Local meteorologist’s weather report

When one thinks of a forecast, the local meteorologist’s weather report likely comes to mind. These meteorologists monitor several data sources, such as barometric pressure and historical conditions, to forecast what the coming week’s weather might be like. In some cases, they are almost exactly right. In other cases, their call for a cold, rainy day might result in a warm, cloud-free one. Indeed, these weather models and simulations used to forecast the weather are dynamic, and misreading just one input parameter can result in great miscalculations. However, one might argue that the ability to predict the weather has improved over the years, as have technologies and the understanding of the science behind the weather.

Everything described above can be said for forecasting in operations. There is a reliance on a variety of data sources to construct a best guess of what production needs might be. Data sources might include things like past customer behavior and sales levels, seasonal variations in the demand for products or services, competitive factors, market conditions, and a wide variety of other variables that largely depend upon the kind of product or service that is offered. Sometimes it is adequate to use a simple forecasting model, where projections are based solely on the last period. Other times, a more quantitative technique to derive a forecast is required. Regardless, just like how technology and the science behind weather forecasting has improved, the ability to forecast production requirements has improved over the years for the same reasons. There are better models and more data about consumers (such as the data they provide every time they use the internet or a cell phone). In this module, the importance of forecasting will be discussed. Basic qualitative and quantitative techniques will also be addressed. It is important to remember the saying, “All models are wrong, but some are useful.” There will never be an ability to perfectly predict the future, but an educated, data-based forecast can provide a good starting point.
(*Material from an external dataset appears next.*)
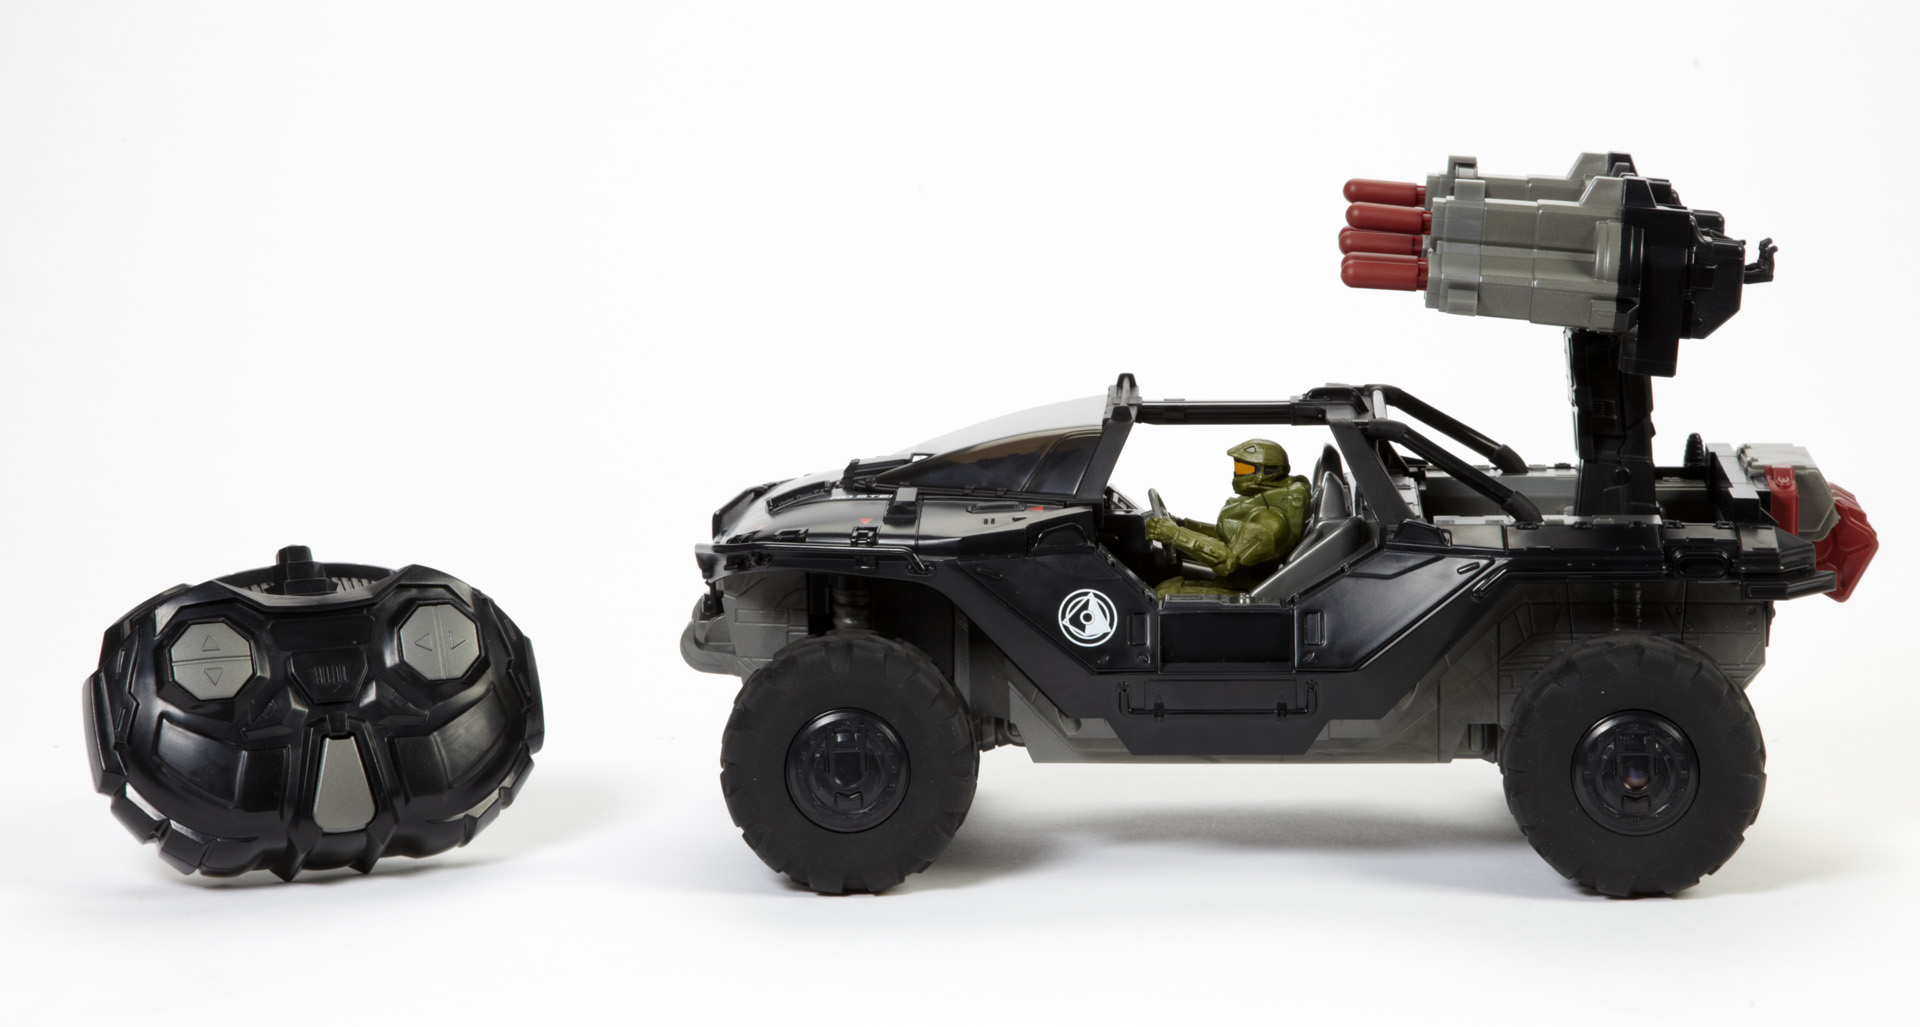 Mattel’s Doing All The Halo Toys Now, And They Look Killer

Just as it is important to forecast future needs, operations managers need to plan and execute projects related to their operations so that they remain on time and within budget. The role of project management and the use of smart project management tools and techniques are thus inextricably linked to operations management. This module introduces two frameworks used to manage projects: the program evaluation and review technique (PERT) and the critical path method (CPM). These frameworks provide the foundation upon which we can understand additional project management tools, like activity mapping via the creation of network diagrams. Understanding how to properly use these tools is an essential skill for operations managers.